How a nuclear submarine officer learned to live in tight quarters - dnetesn
http://nautil.us/issue/84/outbreak/how-a-nuclear-submarine-officer-learned-to-live-in-tight-quarters
======
brandmeyer
> The full cycle was 18 hours, which meant the timing of our circadian cycles
> were constantly changing.

Living on an 18-hour day is rough, but I always felt that the worst part was
changing back and forth between a 24-hour day and the 18-hour day. There are a
couple of strong feedbacks to help you with the 18-hour cycle.

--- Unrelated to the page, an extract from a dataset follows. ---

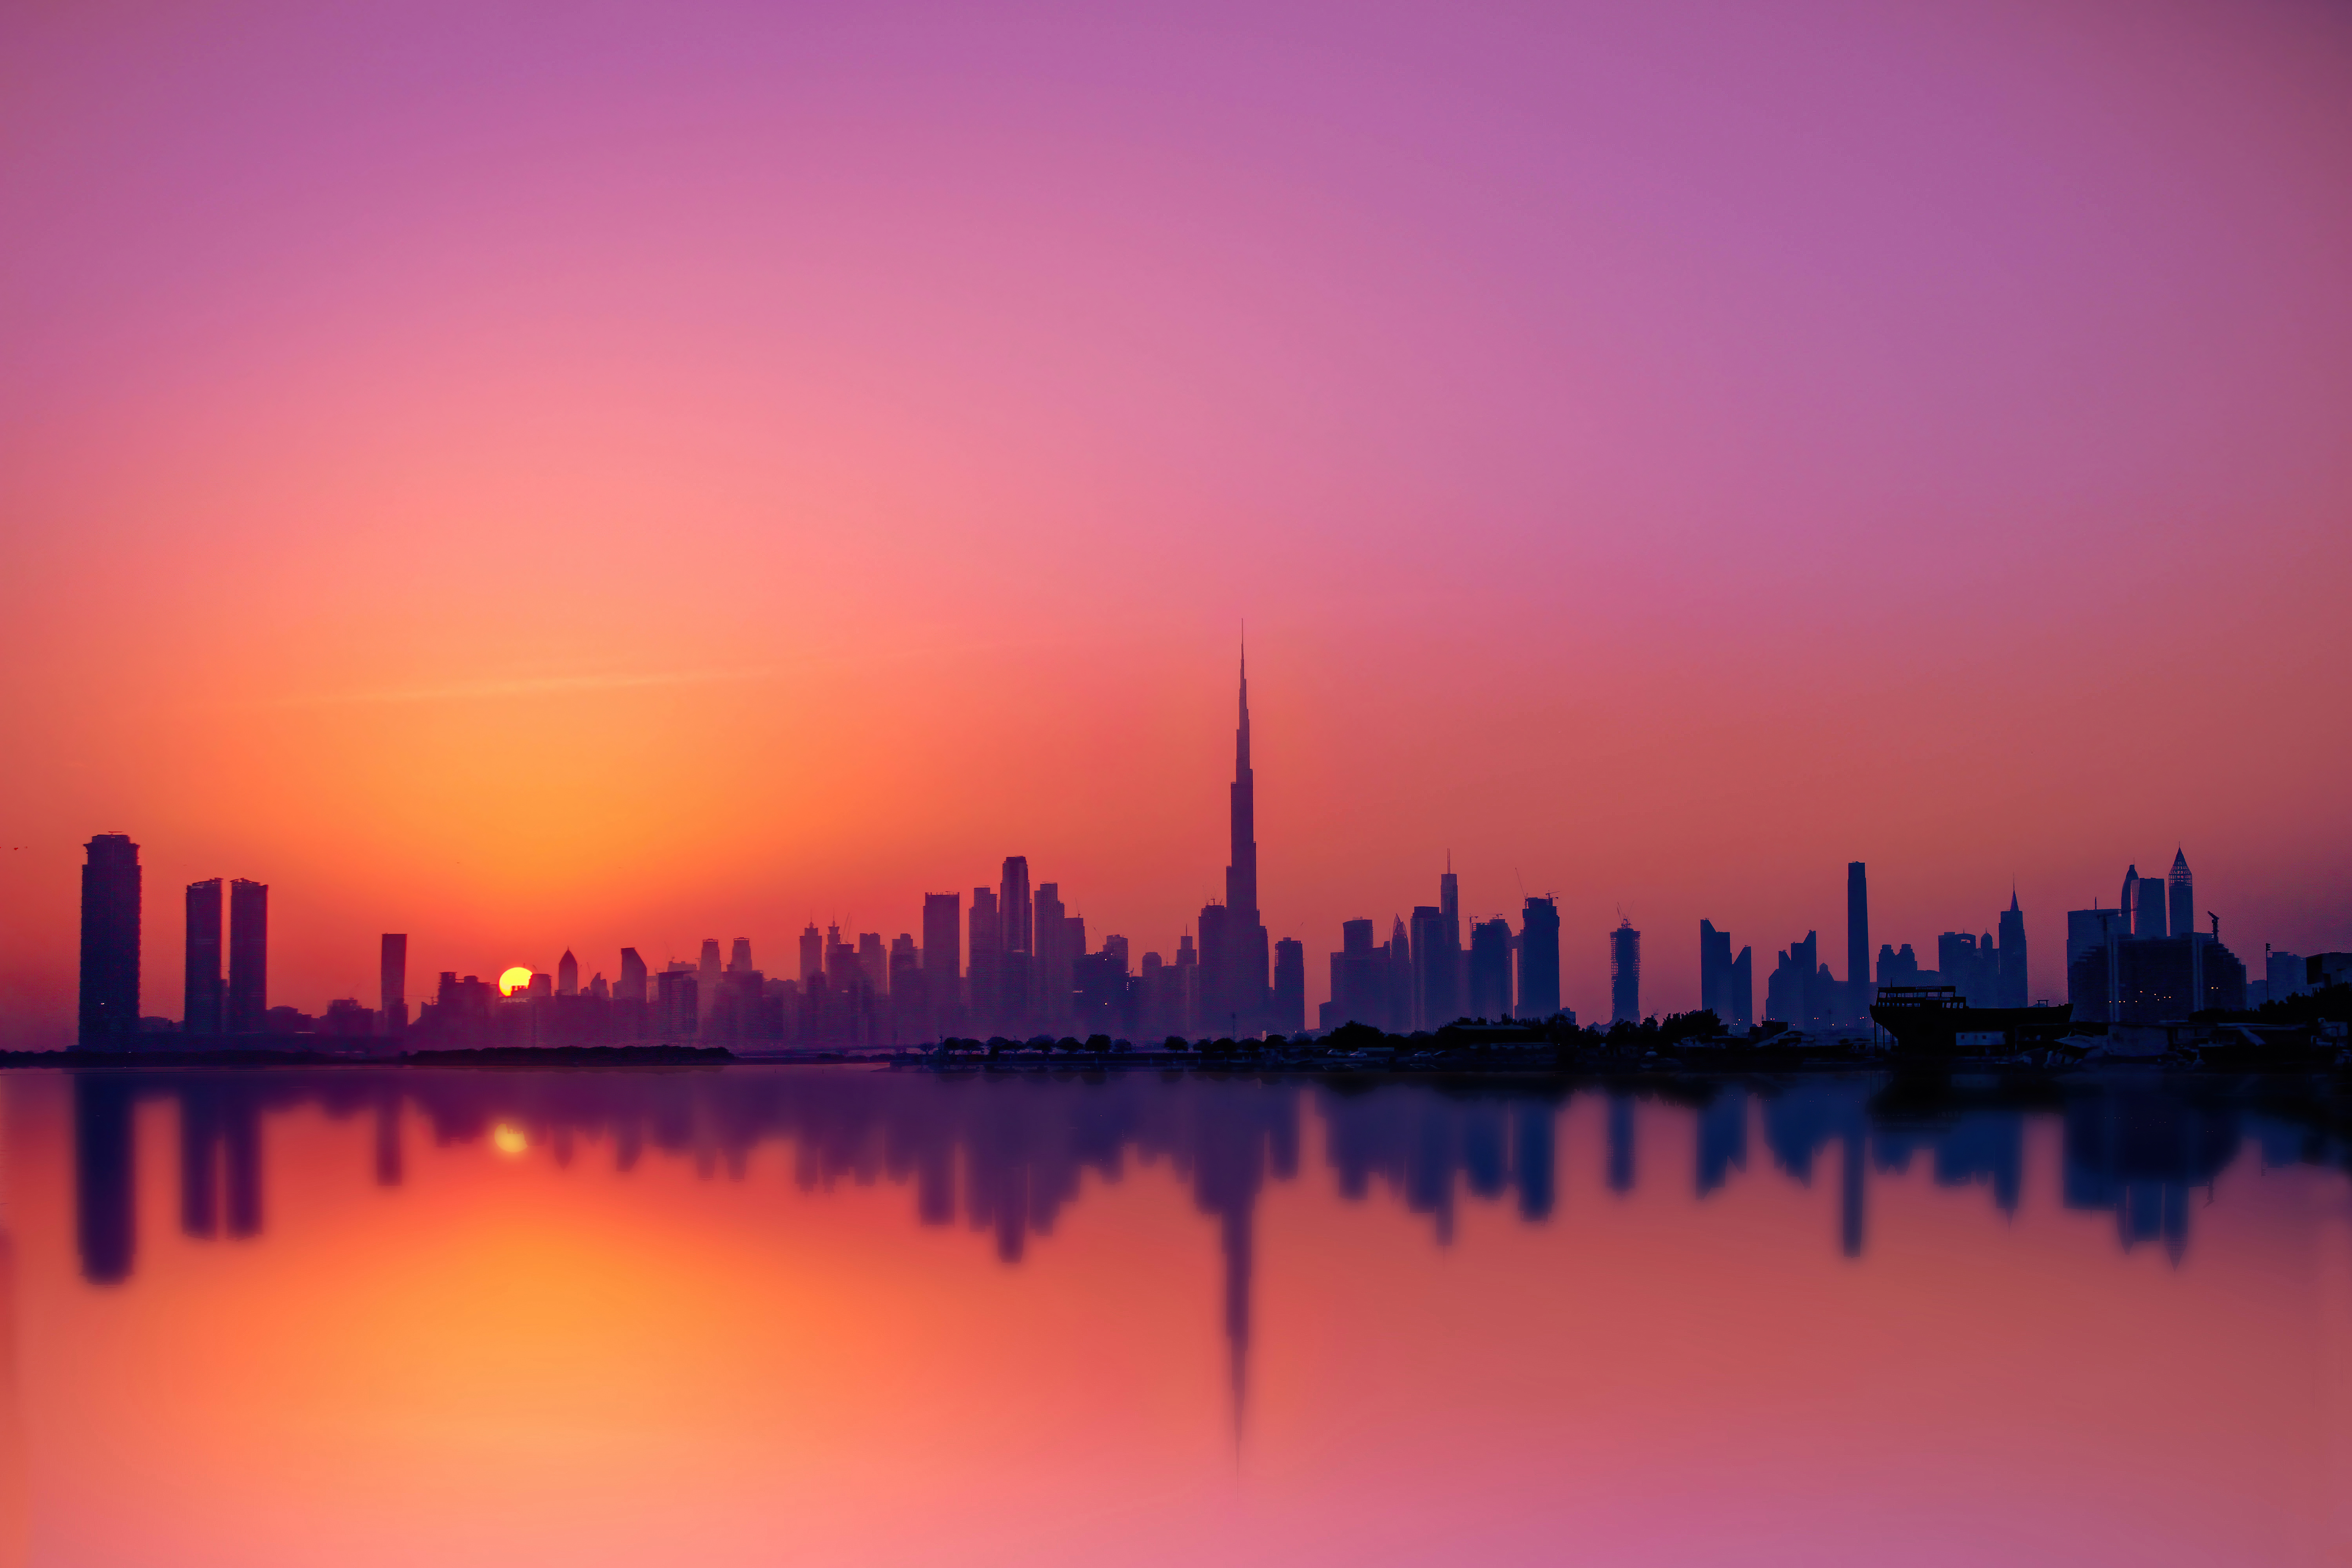 dubai city silhouette 4k 1629228077 - Dubai City Silhouette 4k - Dubai City Silhouette wallpapers, Dubai City Silhouette 4k wallpapers

> The bunk rooms are sanctuaries where silence is observed with monastic
> intensity.

Not merely silence, but also lighting. The bunk rooms are always lit with dim
red lights, and the working spaces are lit to nearly full daylight. On the
older boats you would also operate the control room at periscope depth with
dim lighting, but newer ships with electronic masts probably don't.

Diet-wise, the ship serves four meals a day, every 6 hours. Midnight rations
or midrats is the fourth meal. So in a good rhythm you can eat when you wake
up, go on your 6 hour watch, eat once more, work/train for 6 hours and
sleep/personal for 6 hours. Eating your prior meal about 12 hours before you
wake up also helps keep a decent body clock.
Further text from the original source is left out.